#### [Your objective]
A verbatim copy is needed of the lines below from the one containing "demo frolicking in" up to and including the one containing "Should You Learn", excluding pictures.

*** Records for this task ***

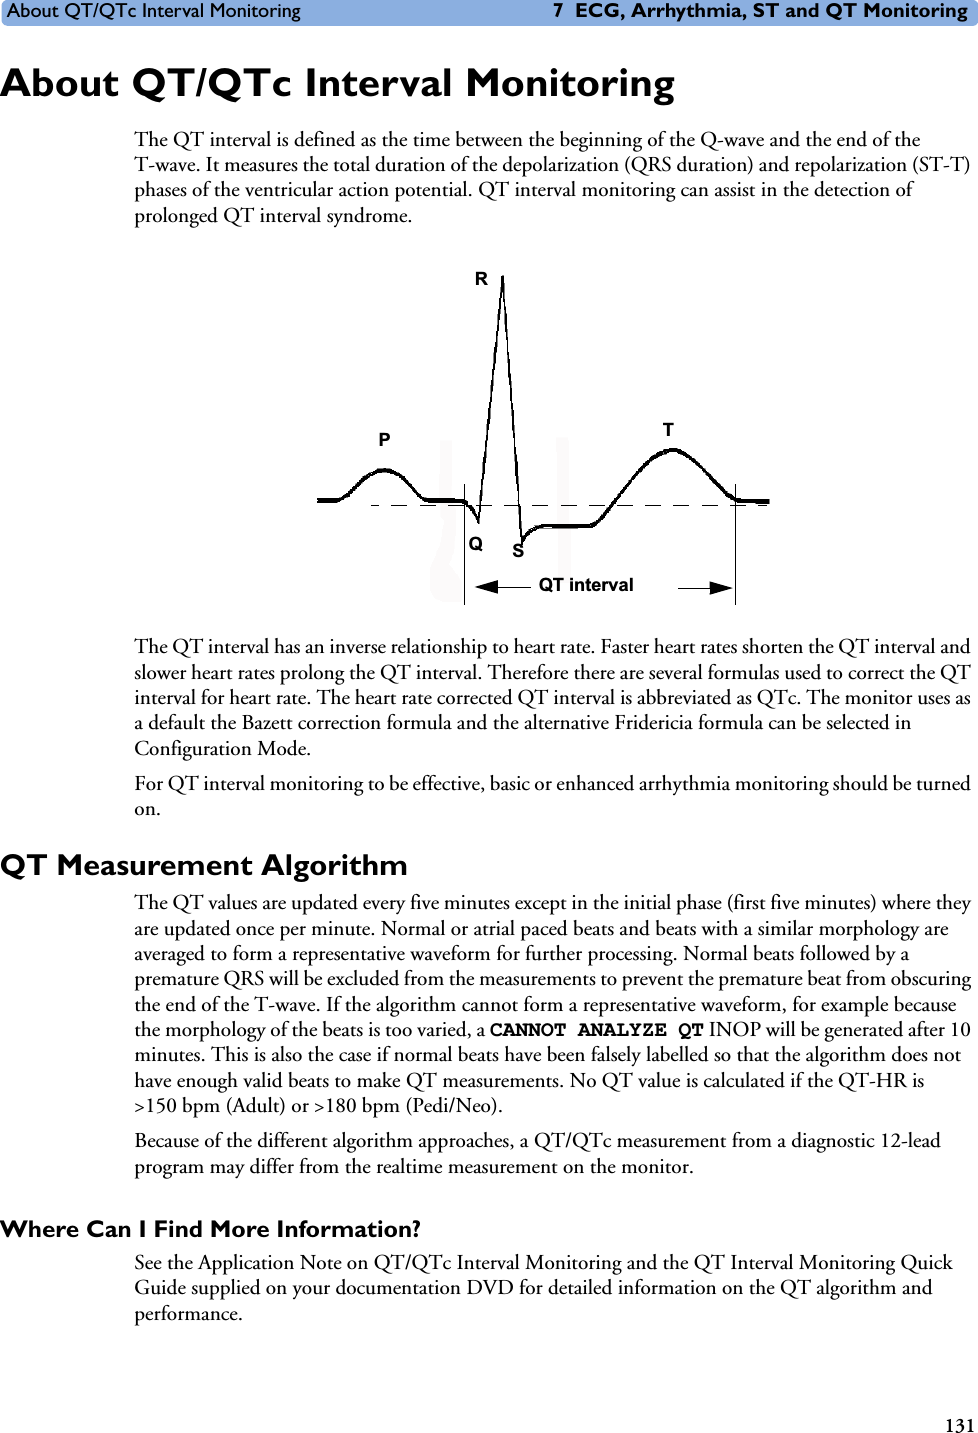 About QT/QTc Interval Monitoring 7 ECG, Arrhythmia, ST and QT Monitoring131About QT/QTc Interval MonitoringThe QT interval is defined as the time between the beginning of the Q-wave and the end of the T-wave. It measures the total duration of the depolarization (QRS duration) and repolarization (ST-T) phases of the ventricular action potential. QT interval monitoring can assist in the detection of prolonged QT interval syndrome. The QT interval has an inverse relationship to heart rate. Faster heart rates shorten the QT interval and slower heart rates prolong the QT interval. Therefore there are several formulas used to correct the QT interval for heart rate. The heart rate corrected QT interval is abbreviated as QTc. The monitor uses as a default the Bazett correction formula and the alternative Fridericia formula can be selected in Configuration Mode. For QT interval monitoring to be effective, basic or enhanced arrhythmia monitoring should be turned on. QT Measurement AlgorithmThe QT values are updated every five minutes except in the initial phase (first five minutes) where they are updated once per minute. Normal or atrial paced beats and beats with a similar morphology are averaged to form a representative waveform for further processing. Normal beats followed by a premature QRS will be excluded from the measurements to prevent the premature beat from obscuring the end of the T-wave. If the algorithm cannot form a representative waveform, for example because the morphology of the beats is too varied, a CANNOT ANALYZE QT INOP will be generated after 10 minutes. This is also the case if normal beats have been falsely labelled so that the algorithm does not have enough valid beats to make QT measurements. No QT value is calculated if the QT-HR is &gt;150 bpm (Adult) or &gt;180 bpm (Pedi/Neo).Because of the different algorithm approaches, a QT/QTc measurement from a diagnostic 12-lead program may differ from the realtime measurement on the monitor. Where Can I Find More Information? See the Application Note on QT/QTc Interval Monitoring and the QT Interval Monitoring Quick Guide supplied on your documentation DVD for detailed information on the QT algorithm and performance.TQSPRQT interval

*** End of Records for this task ***
*** Records for this task ***

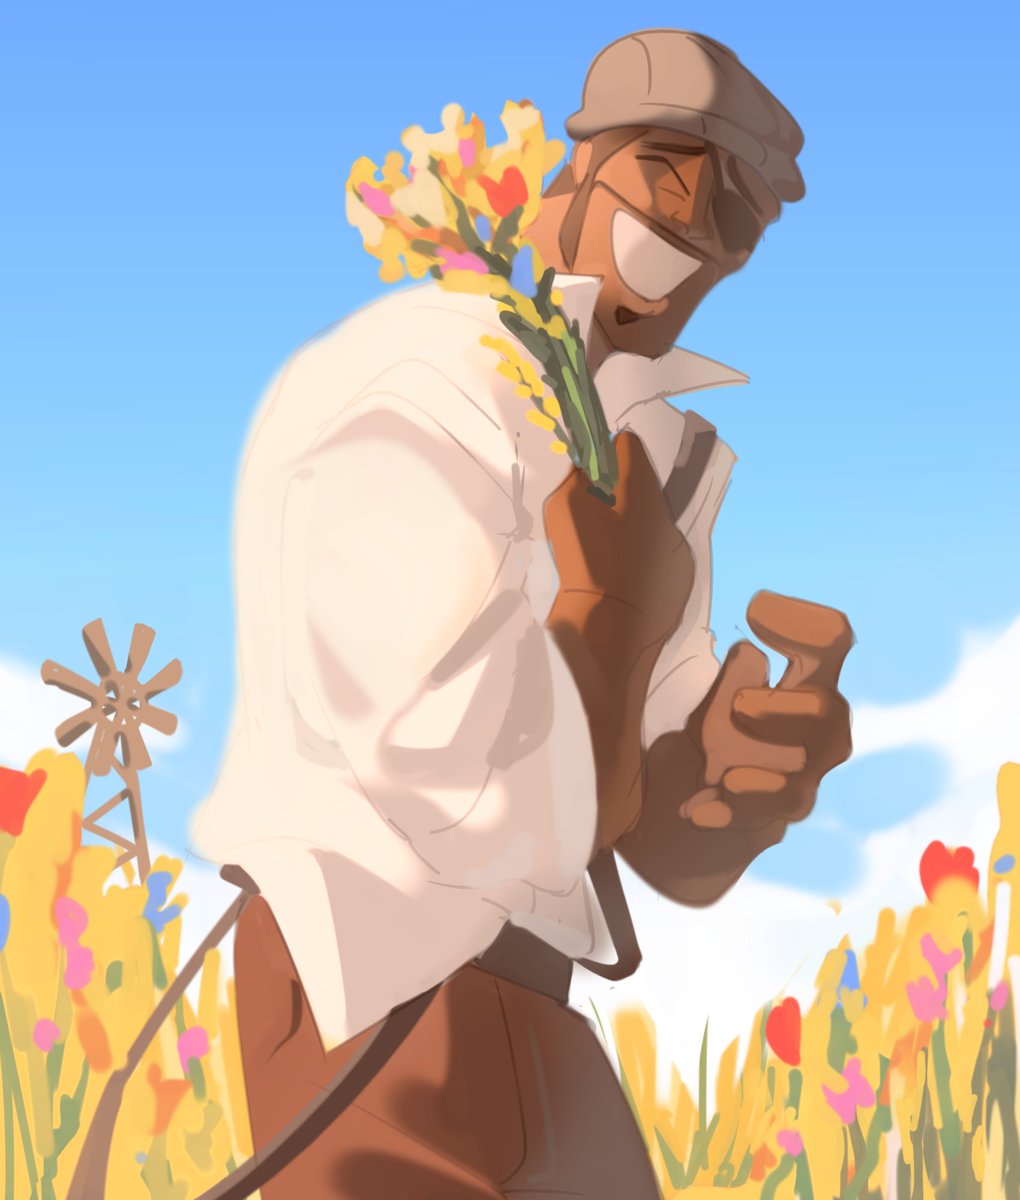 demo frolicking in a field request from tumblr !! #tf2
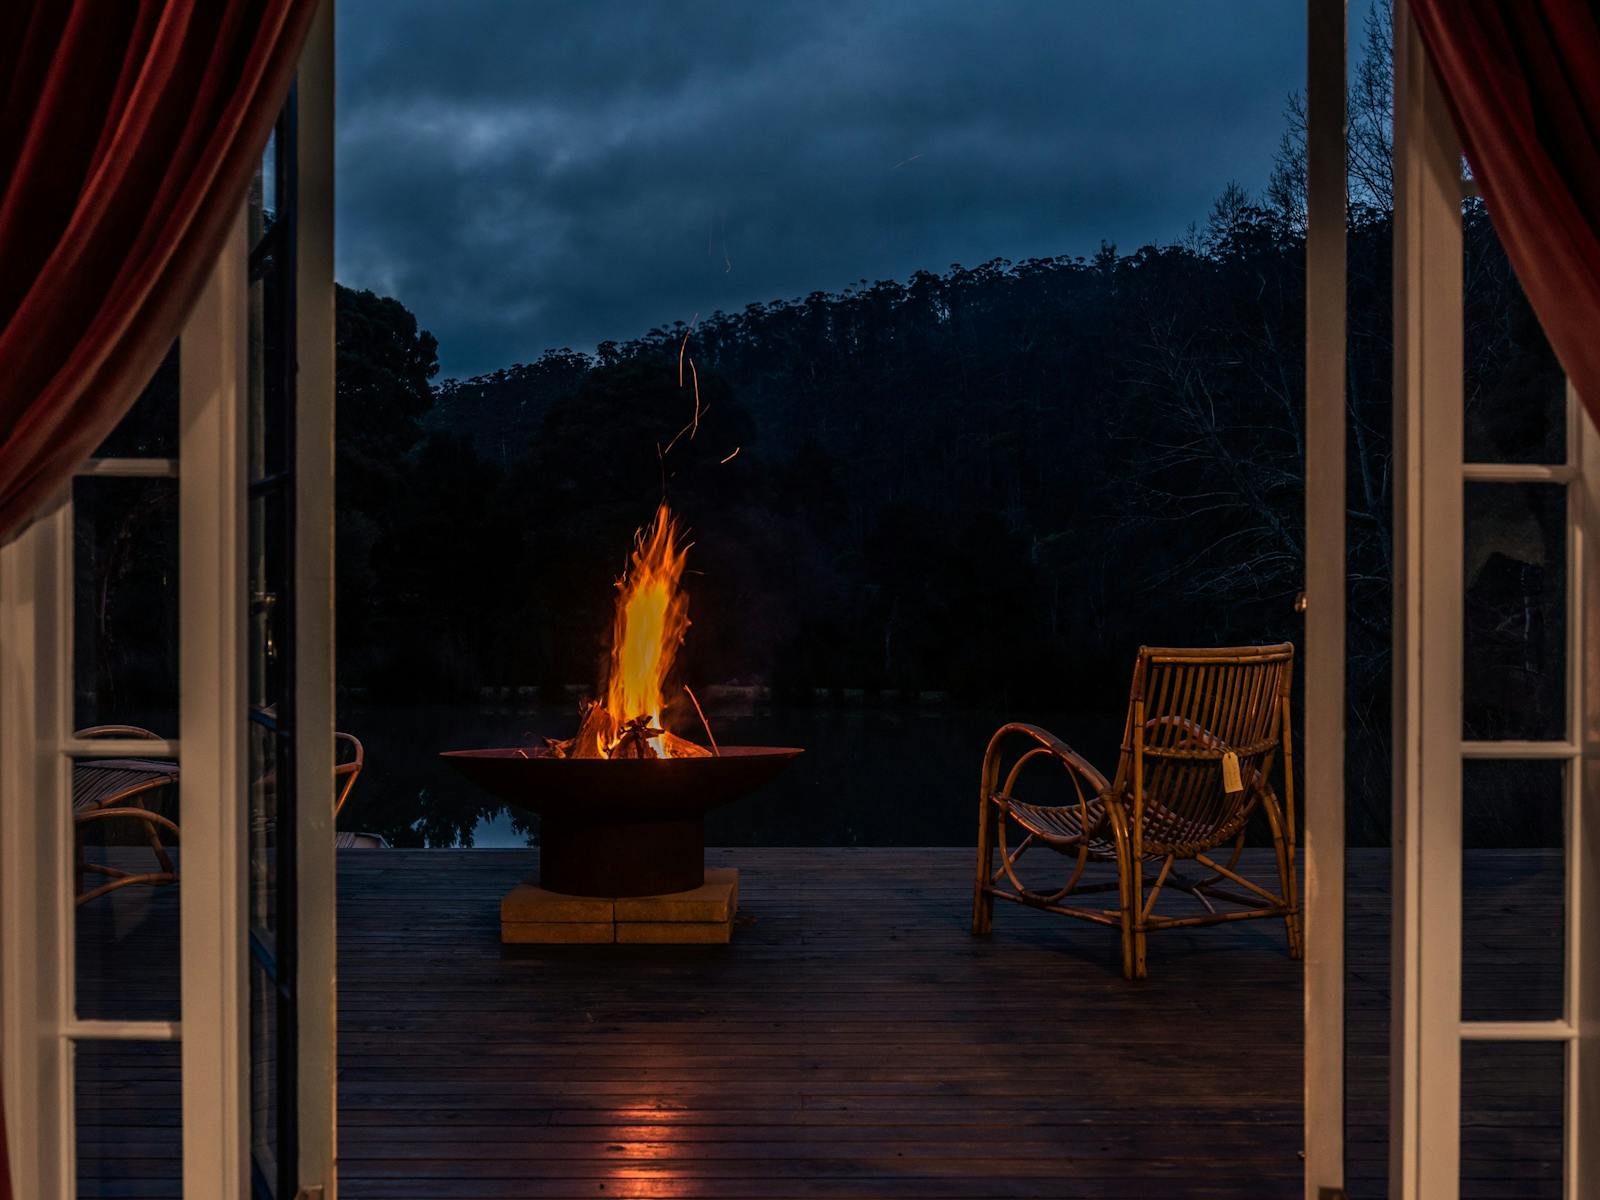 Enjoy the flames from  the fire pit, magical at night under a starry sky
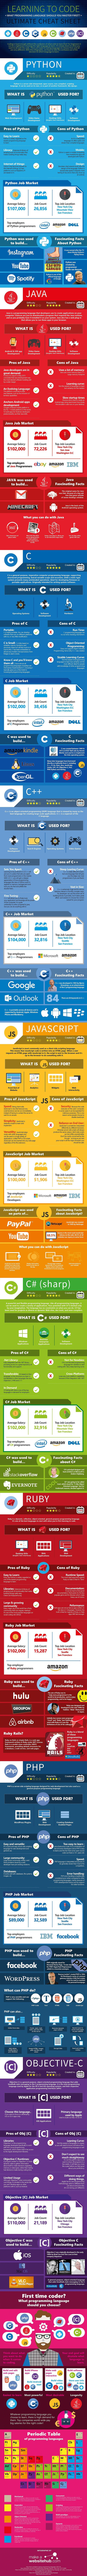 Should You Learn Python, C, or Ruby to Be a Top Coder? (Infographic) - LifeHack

*** End of Records for this task ***

#### [Solution]
 demo frolicking in a field request from tumblr !! #tf2
 Enjoy the flames from  the fire pit, magical at night under a starry sky
 Should You Learn Python, C, or Ruby to Be a Top Coder? (Infographic) - LifeHack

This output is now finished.